От боли на лбу раненого выступили бисеринки пота; чтобы не закричать, он изо всех сил сжимал зубы. Озабоченно глядя на него, Ланкао ответил:

— Да я уже давно не шалый, бо. Только и осталось, что прозвище… да вот отметина на лице. Ни от того, ни от другого не избавишься… Ни во что негожее мы не впутывались. Японская полиция его ранила, вот кто.

— Японская? За что? И когда это случилось?

— Да уж, поди, недели две назад…

— Две недели?! Вы что, спятили? С такими-то ранами!

— Мы хотели вывезти его из города, да не вышло. Они везде охрану усилили, пришлось возвращаться. С носилками на плечах мимо них не проскользнешь, мы пытались. Когда-нибудь потом я тебе все объясню, а сейчас не могу, — и Ланкао глянул в сторону кули, тихо сидевшего в углу.

Старый садовник проследил за его взглядом и задумался. Здесь, при хорошем освещении, сразу бросалась в глаза разница между этим кули и любым другим, работающим на Нанкинской улице. Лица у всех кули покорные и хитрые — голодные псы, они тоже хитрые, все норовят за спиной у хозяина косточку стащить; и покорные — привыкли, что их за это бьют. Бывают лица до того изнуренные, что вообще лишены всякого выражения. А у незнакомца взгляд был живой, теплый, осмысленный. Что-то неуловимое подсказывало Лаодзяню, что перед ним человек просвещенного сословия — может, учитель, а может, другой какой грамотей, но уж точно не потомственный кули.

«Не тот он, за кого себя выдает! — подумал старик. — Как пить дать, не тот! Да и вся эта история какая-то… темная». Но это он подумал про себя, а вслух спросил, хотя ответа немного боялся:

— А как там мои сыновья? Живы? Ты их видел?

— Старшего, Цюаня, вижу часто. Жив-здоров, шлет тебе поклон. Это он мне наказал у тебя помощи просить, если нужда будет. Иди, говорит, к моему отцу, если что понадобится, передай от меня поклон и проси — он тебе не откажет, я своего старика знаю…

Садовник посмотрел на него недоверчиво, исподлобья:

— Вот, значит, как? Ну, а младший — он-то что сказал?

Ланкао помялся, а потом пробормотал:

— Про младшего не знаю, он в другой армии. У Чан Кайши.

Старик Лаодзянь вздрогнул:

— Выходит, Цюань — у Мао, правильно я тебя понял?

— Да. Цюань — у Мао.

— Как же так? Один сын у Чана, другой у Мао… Но ведь эти две армии воюют между собой!

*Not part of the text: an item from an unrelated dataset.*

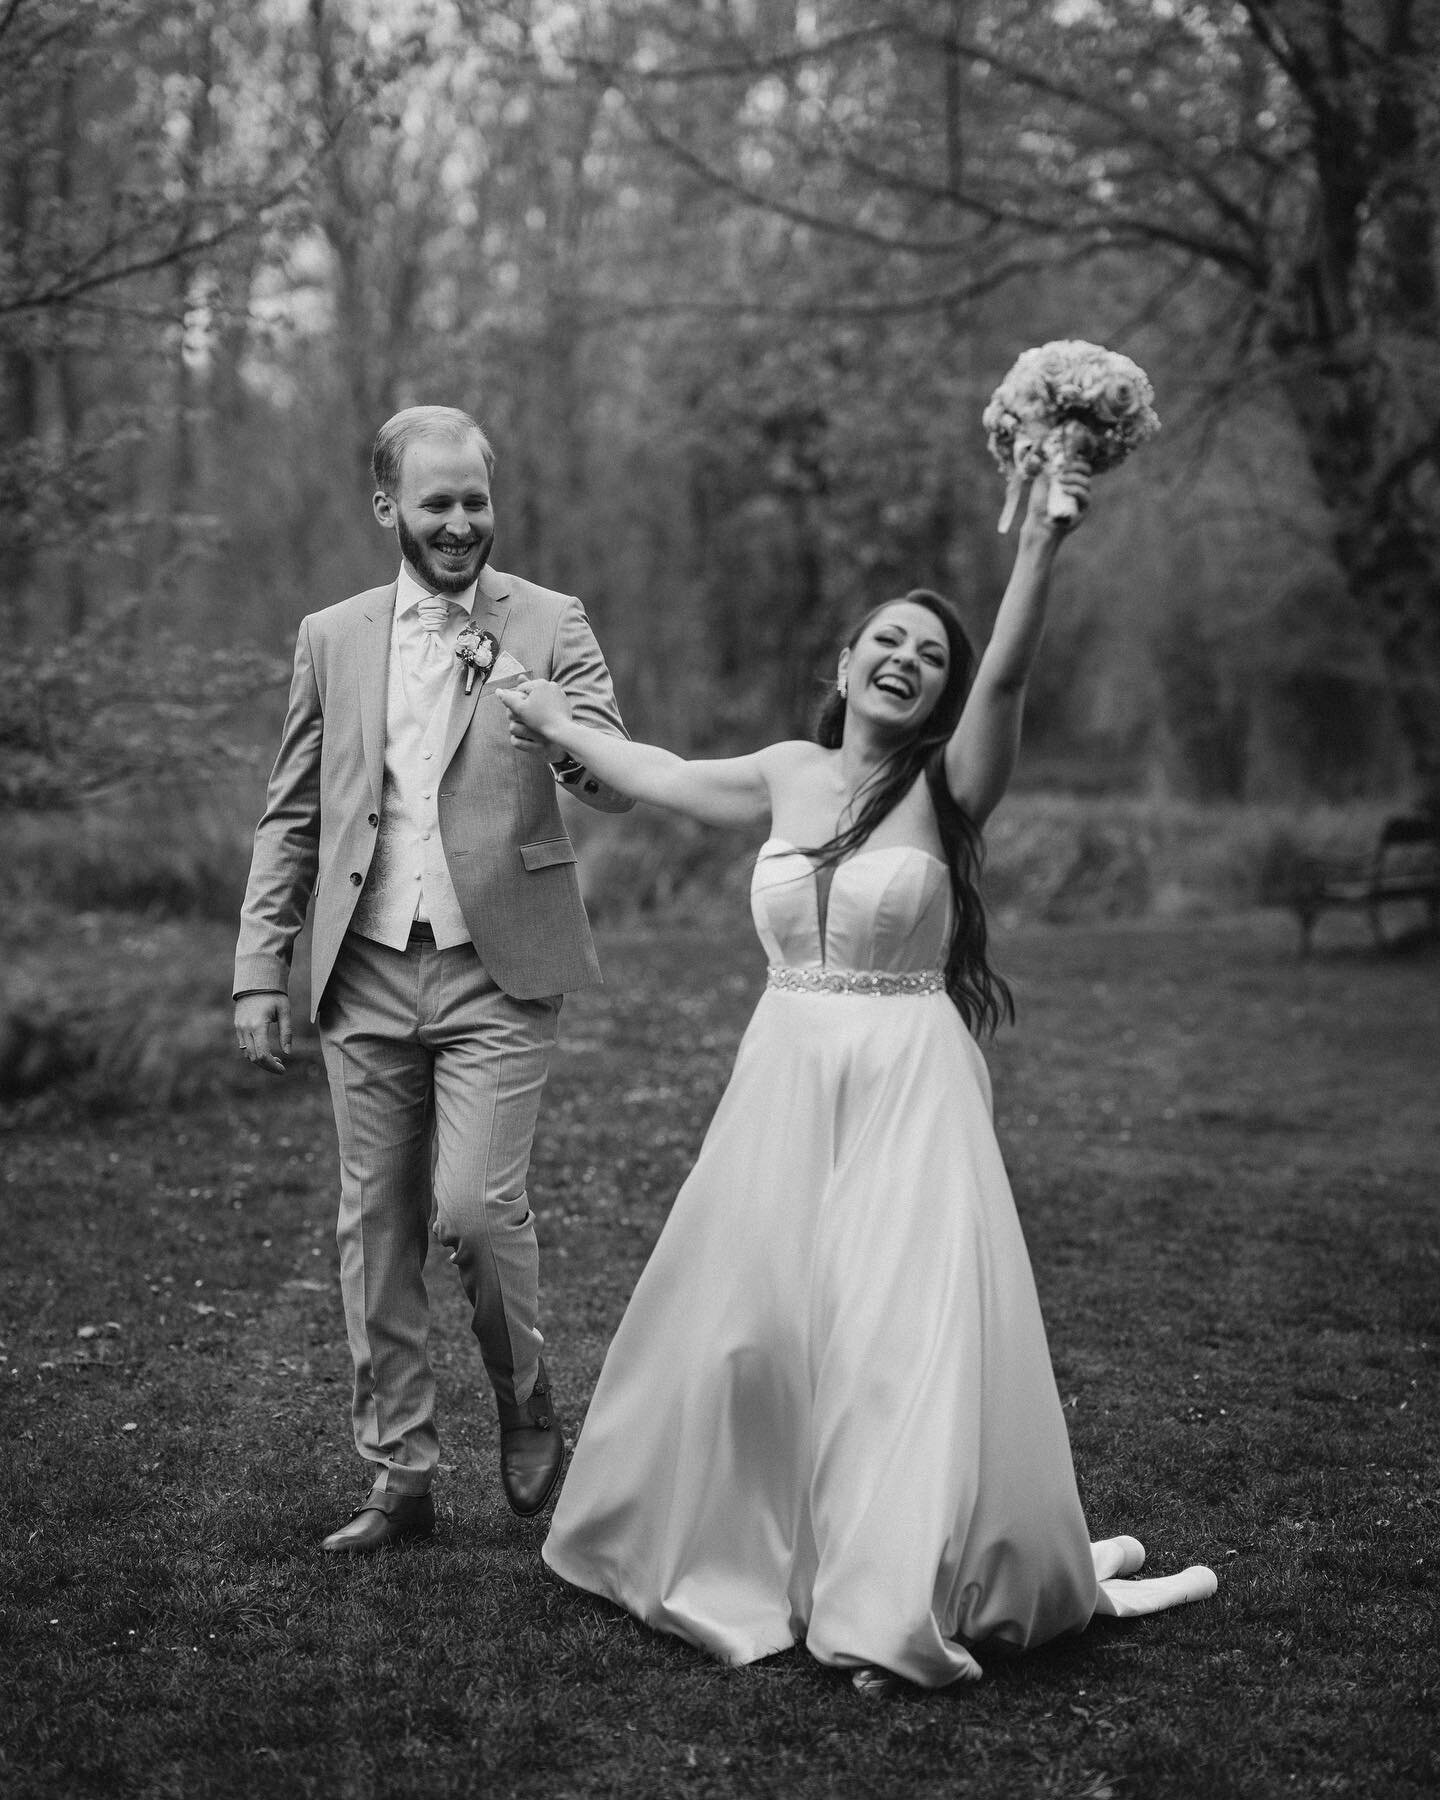 Happy vibes from last week's wedding. Oh the joy! 🤩

#brideandgroom #wedding2022 #viennaweddingphotographer #austriaweddingphotographer #loveandwildhearts #greenweddingshoes #junebugweddings #authenticlovemag #lovellope #ataleofhearts #littleriverma

— Твоя правда, бо Лаодзянь, воюют. Вот до чего у нас в Китае дело дошло: брат воюет против брата, а японец — против них обоих…

Он взглянул на часы, потом на молчавшего кули, и сказал:

— Нам надо уходить, пока не рассвело…

— Как — уходить? Товарища вашего раненого нельзя с места трогать!

— Нельзя. Вот я и думал оставить его у тебя… на какое-то время.

Этого старик не ожидал.

— Оставить у меня чужака, да еще раненого японцами… и… надолго?

— Да как сказать… пока не выздоровеет.

— Значит, надолго!

Тут Ланкао — Ланкао Шалый — в первый раз засмеялся, и от этого глубокий шрам на его лице по-чудному съехал в сторону:

— Значит, ненадолго, дядюшка! Совсем ненадолго! Потому что война скоро кончится. И тогда мы его заберем в больницу — самую большую, самую лучшую. Спасибо тебе, что согласился…

— Кто согласился?! — сердито прервал его Лаодзянь. — Ты пока что моего согласия даже не спрашивал!

— Ну, вот сейчас и спрашиваю: ты готов оставить раненого на улице? Хорошего, честного человека… чтобы он попал японцам в руки?.. Видишь, спросил, а теперь жду твоего ответа.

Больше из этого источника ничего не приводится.